И разве я не чувствовал своей мысли, твердой, светлой, точно выкованной из стали и безусловно мне послушной? Словно остро отточенная рапира, она извивалась, жалила, кусала, разделяла ткани событий; точно змея, бесшумно вползала в неизведанные и мрачные глубины, что навеки сокрыты от дневного света, а рукоять ее была в моей руке, железной руке искусного и опытного фехтовальщика. Как она была послушна, исполнительна и быстра, моя мысль, и как я любил ее, мою рабу, мою грозную силу, мое единственное сокровище!
…Он опять орет, и я не могу больше писать. Как ужасно, когда человек воет. Я слышал много страшных звуков, но этот всех страшнее, всех ужаснее. Он не похож ни на что другое, этот голос зверя, проходящий через гортань человека. Что-то свирепое и трусливое; свободное и жалкое до подлости. Рот кривится на сторону, мышцы лица напрягаются, как веревки, зубы по-собачьи оскаливаются, и из темного отверстия рта идет этот отвратительный, ревущий, свистящий, хохочущий, воющий звук…
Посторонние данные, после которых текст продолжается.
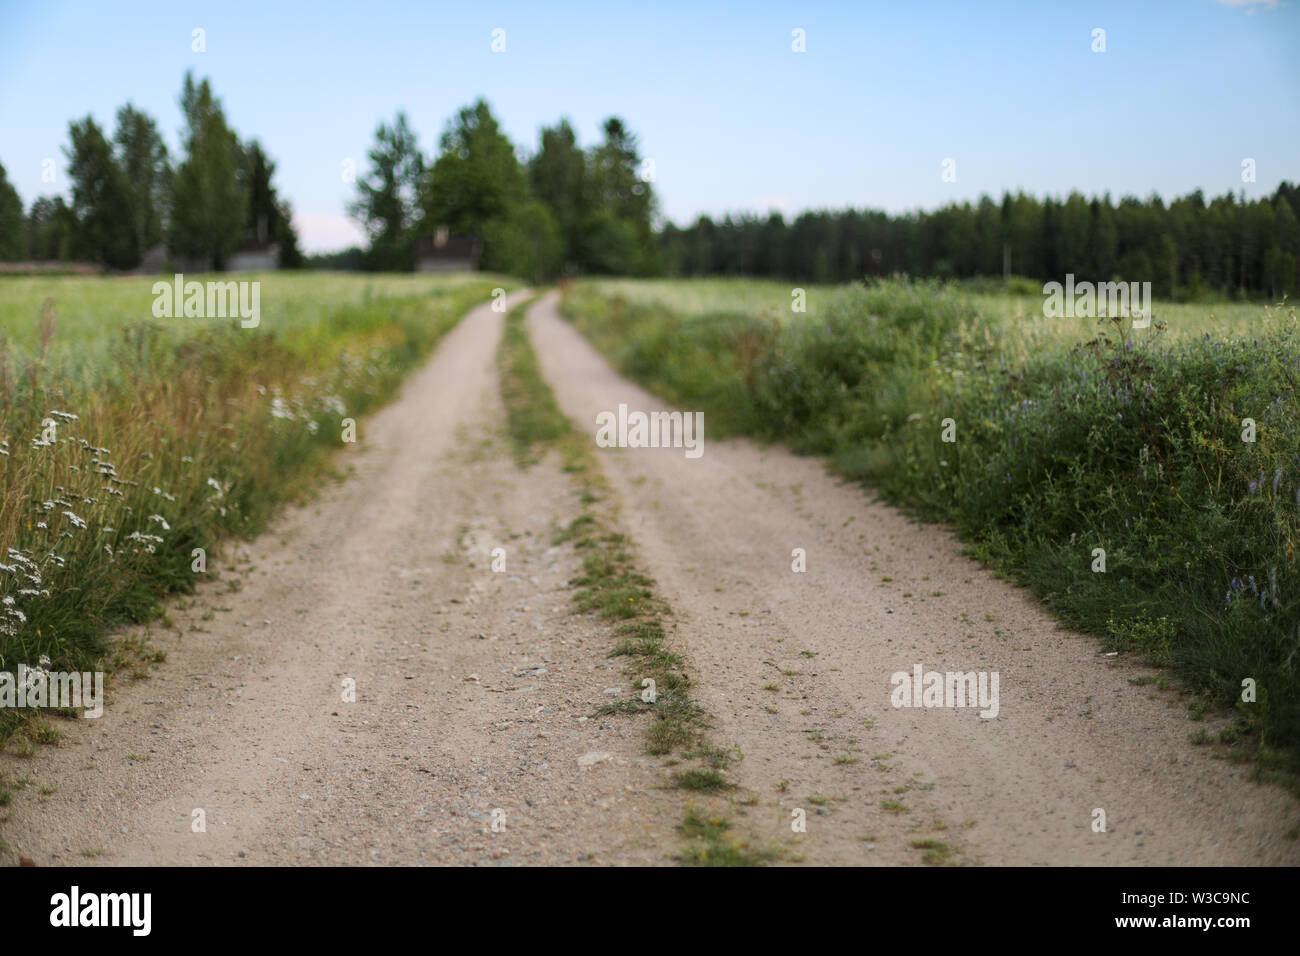 Rural dirt road in Ylöjärvi, Finland Stock Photo

Да. Да. Такова была моя мысль. Кстати: вы обратите, конечно, внимание на мой почерк, и я прошу вас не придавать значения тому, что он иногда дрожит и как будто меняется. Я давно уже не писал, события последнего времени и бессонница сильно ослабили меня, и вот рука иногда вздрагивает. Это и раньше случалось со мной.
Теперь вы понимаете, что это за страшный припадок случился со мною на вечере у Каргановых. Это был мой первый опыт, удавшийся даже сверх ожиданий. Точно уже все заранее знали, что так это со мной и будет, точно внезапное сумасшествие вполне здорового человека в их глазах кажется чем-то естественным, таким, чего можно всегда ожидать. Никто не удивился, и все наперебой расцвечивали мою игру игрой собственной фантазии, — у редкого гастролера подбирается такая прекрасная труппа, как эти наивные, глупые и доверчивые люди. Рассказывали они вам, как я был бледен и страшен? Как холодный, — да, именно холодный пот покрывал мое чело? Каким безумным огнем горели мои черные глаза? Когда они передавали мне все эти свои наблюдения, я был с виду мрачен и подавлен, а вся душа моя трепетала от гордости, счастья и насмешки.
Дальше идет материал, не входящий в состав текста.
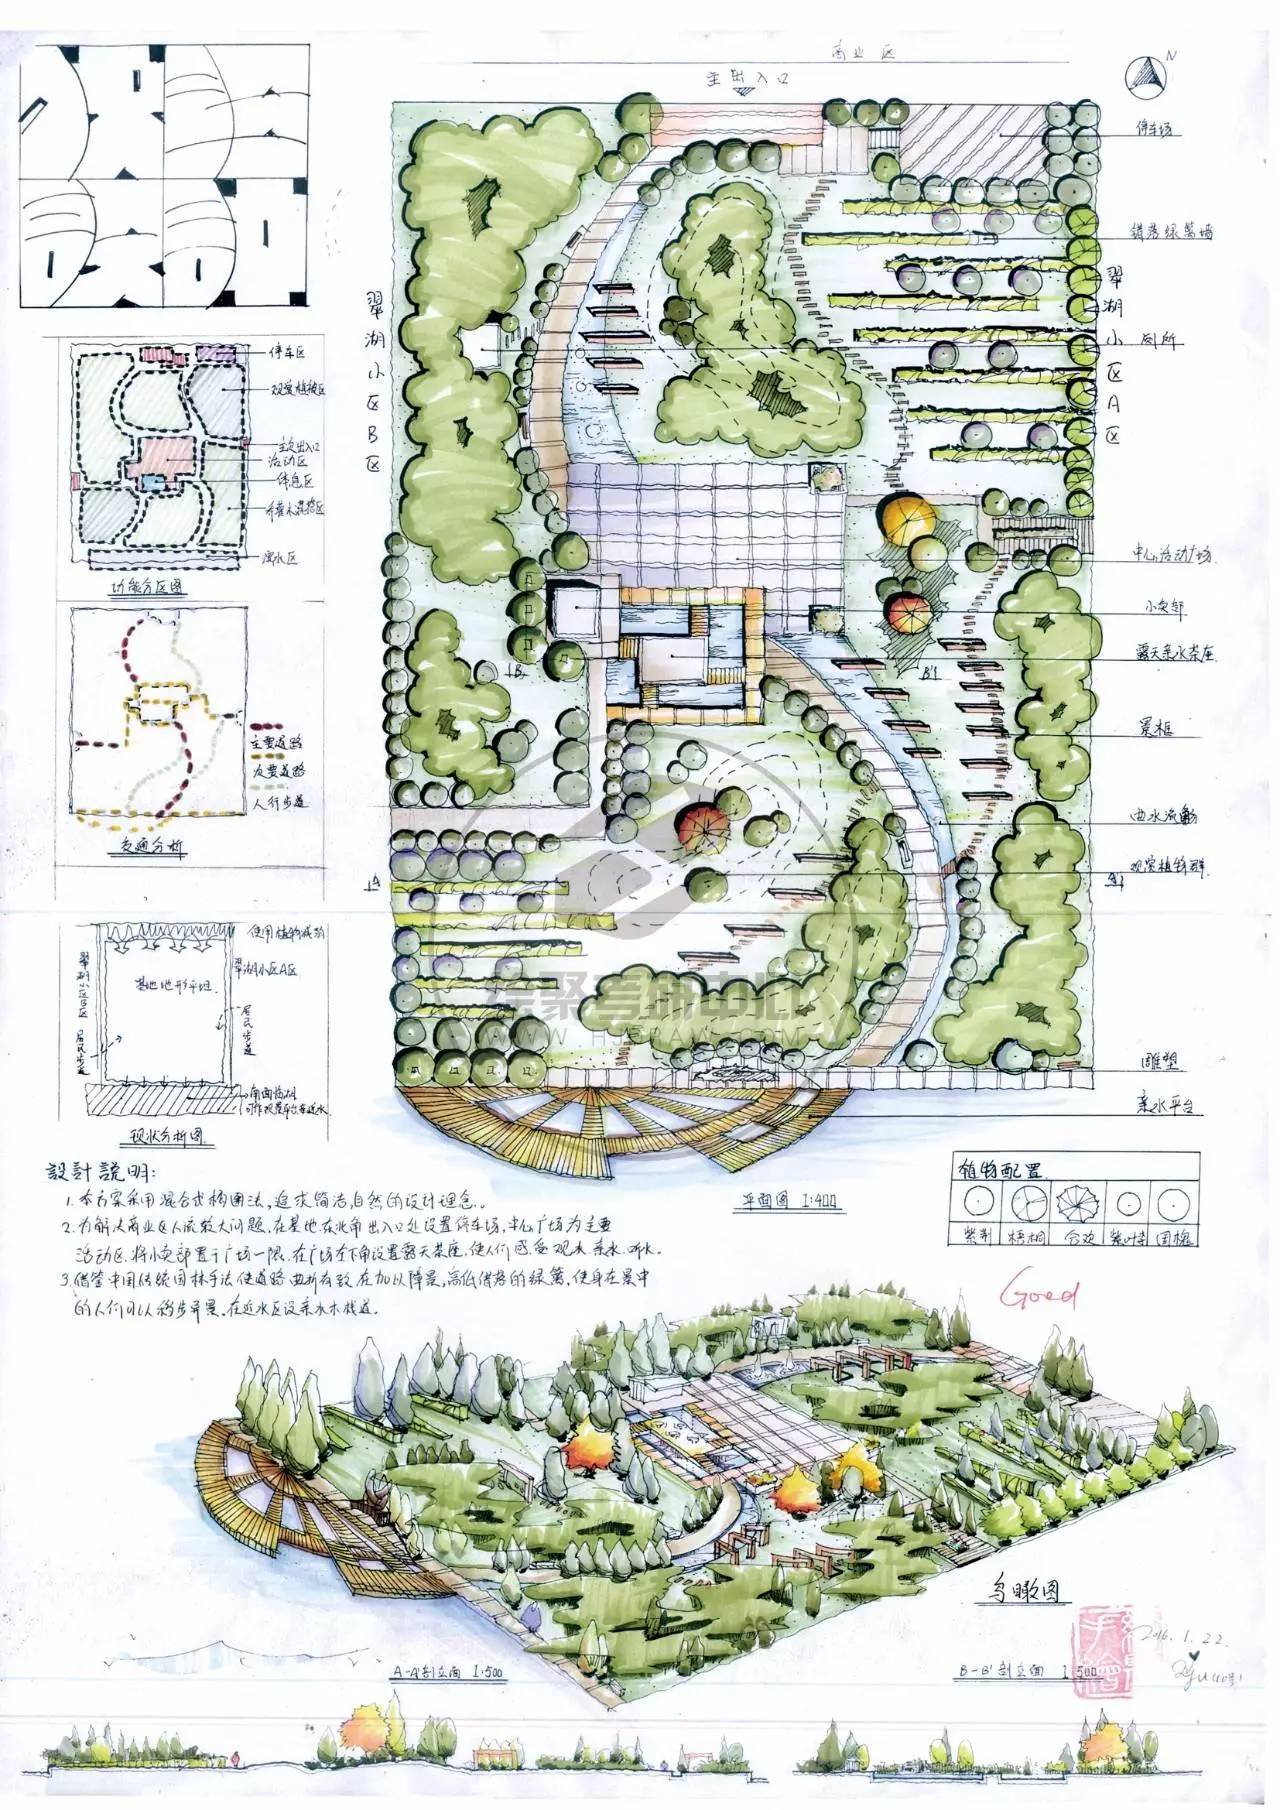 参考案例大型绿地快题设计要点(1)空间设计综合性公园是为人们提供

Татьяны Николаевны и ее мужа на вечере не было, — не знаю, обратили ли вы на это внимание. И это не было случайностью: я боялся запугать ее, или, еще хуже, внушить ей подозрение. Если существовал человек, который мог проникнуть в мою игру, так это только она.
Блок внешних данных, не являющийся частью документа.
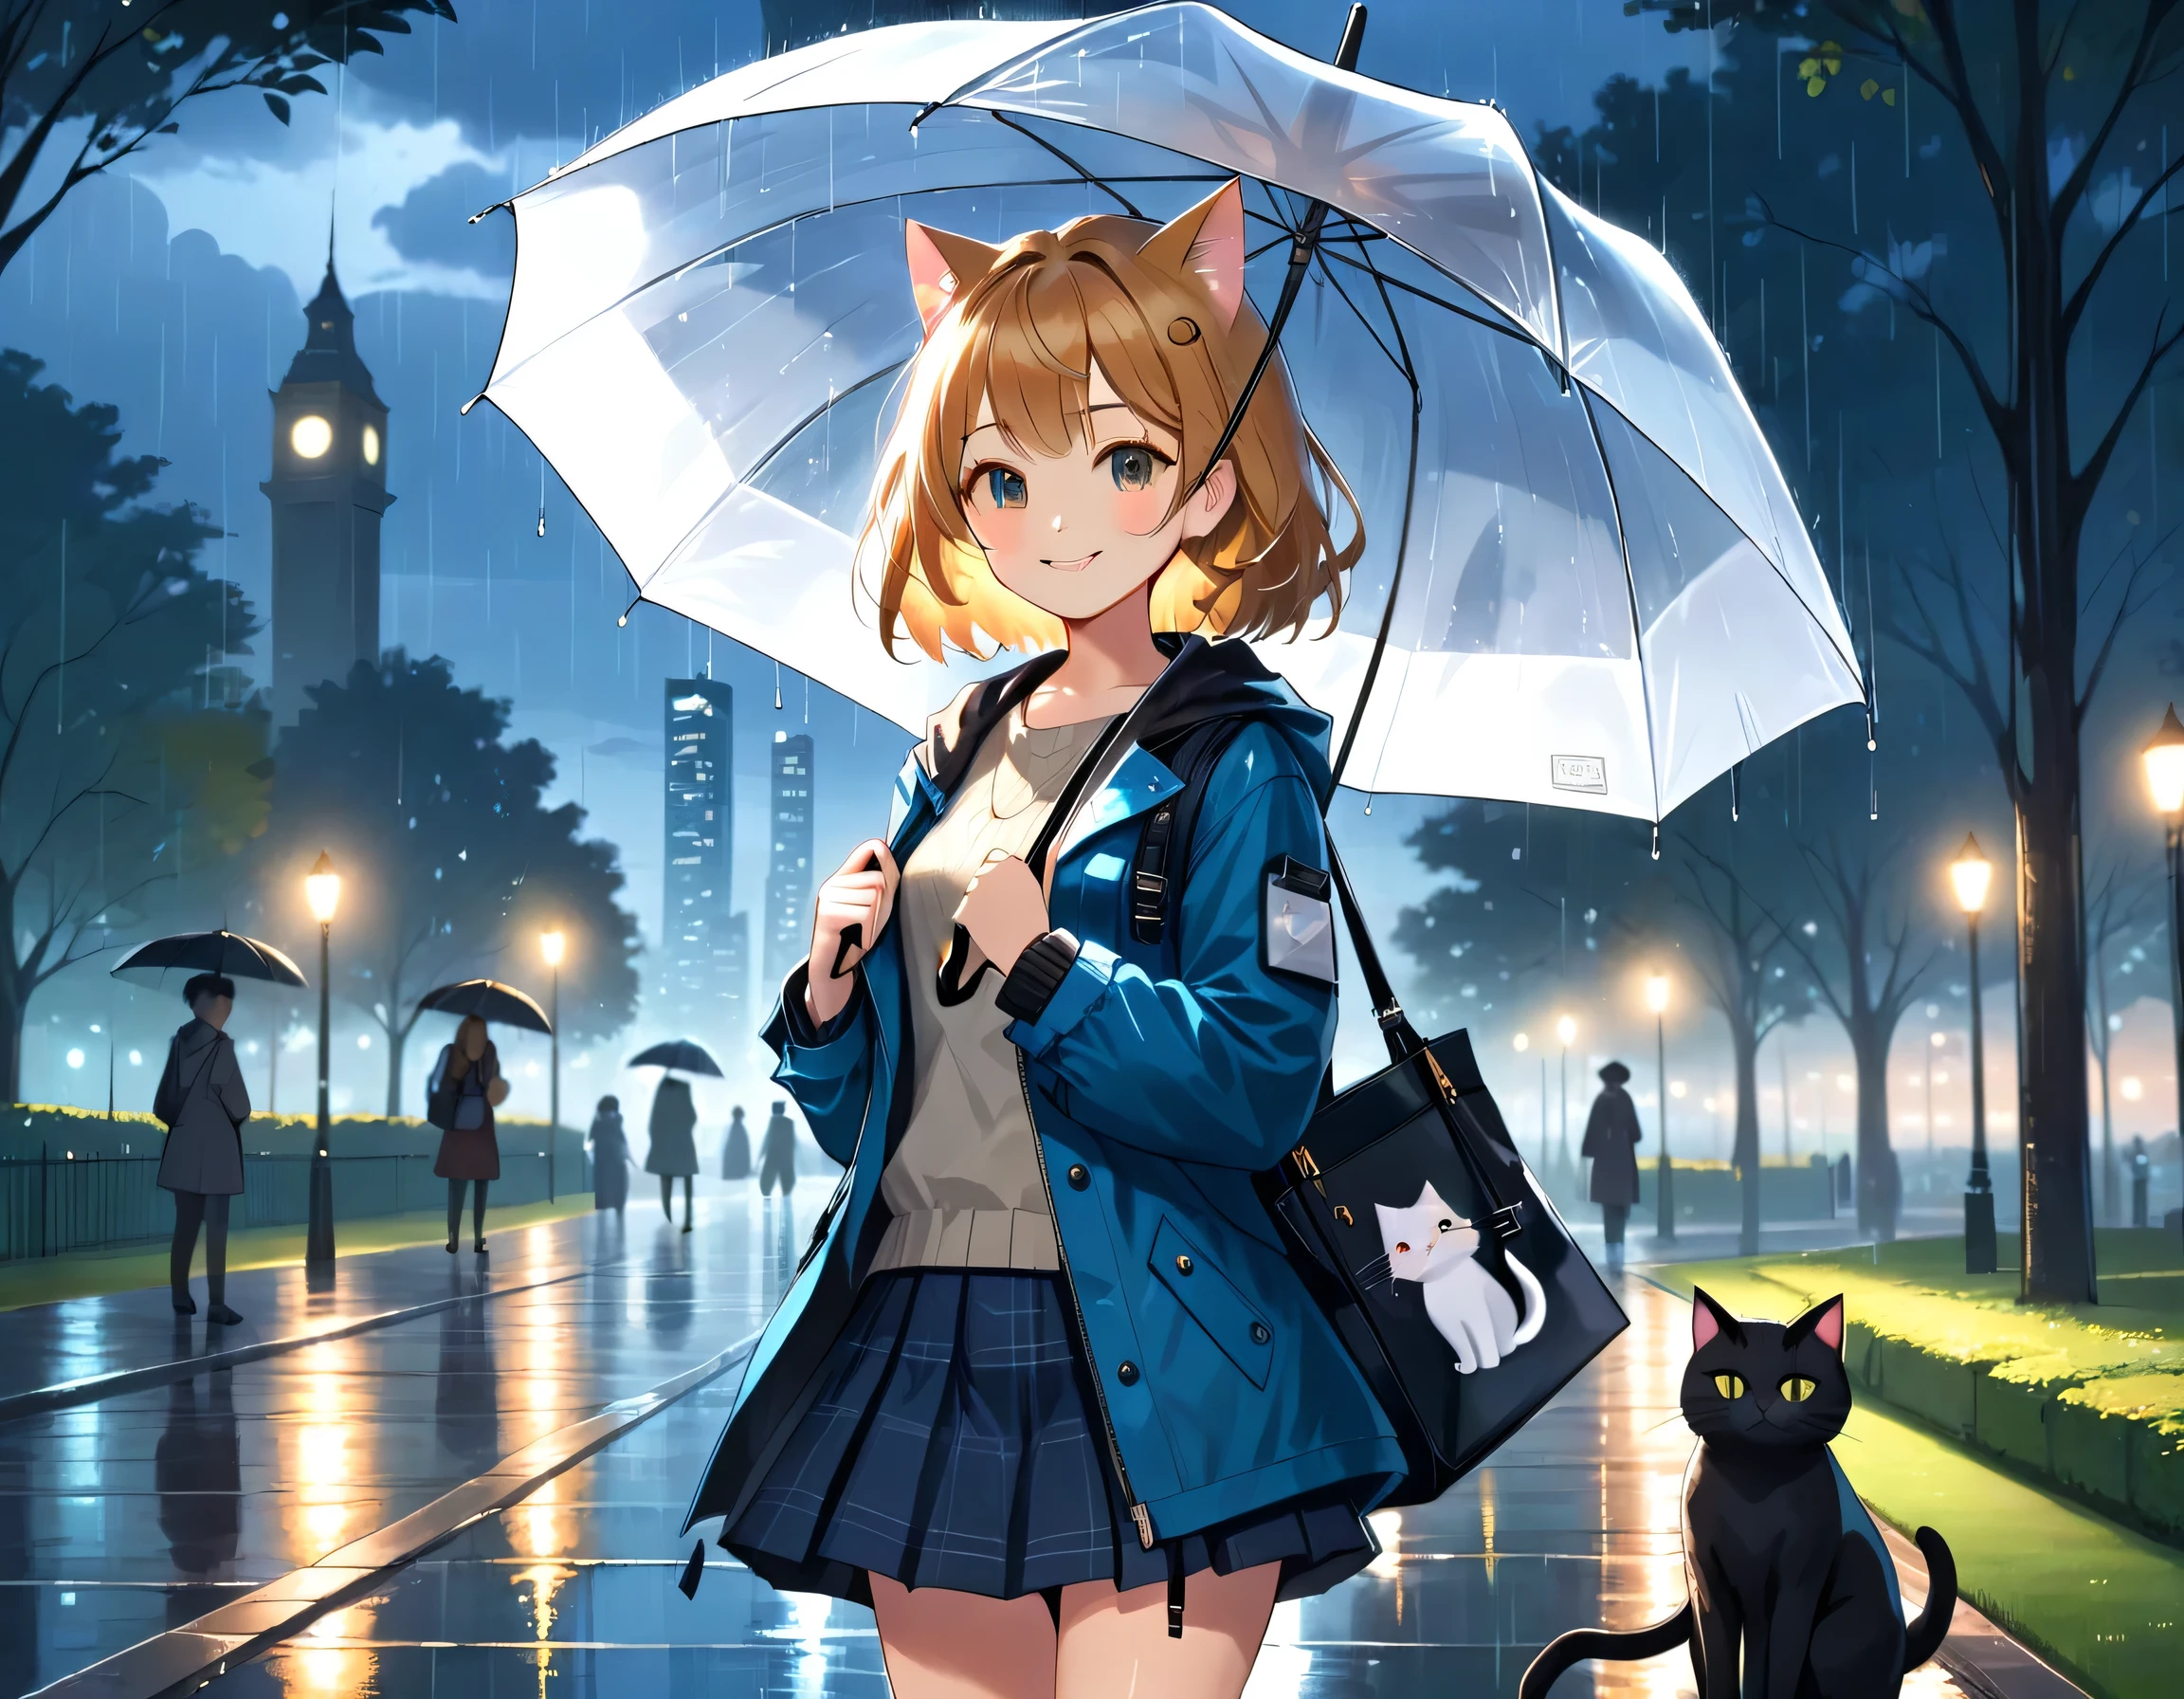 (傑作, 最高品質, 8k), 
公園にいる女の子と猫のイラスト, 雨が降っていて彼女は傘を持っています, 薄暗い夜, 拡散した街の光が輝く, ジャケット, ミニスカート, ショルダーバッグ, 猫に傘を差しかける, 笑顔, 詳細な絵が描かれた猫.

И вообще тут ничего не было случайного. Наоборот, каждая мелочь, самая ничтожная, была строго продумана. Момент припадка — за ужином — я выбрал потому, что все будут в сборе и будут несколько возбуждены вином. Сел я у края стола, подальше от канделябров со свечами, так как вовсе не хотел устроить пожара или обжечь себе нос. Рядом с собою я посадил Павла Петровича Поспелова, эту жирную свинью, которой мне давно хотелось сделать какую-нибудь неприятность. Особенно противен он, когда ест. Когда первый раз я увидел его за этим занятием, мне пришло в голову, что еда есть дело безнравственное. Тут все это приходилось кстати. И, наверное, ни одна душа не заметила, что тарелка, разлетевшаяся под моим кулаком, была сверху покрыта салфеткой, чтобы не порезать руки.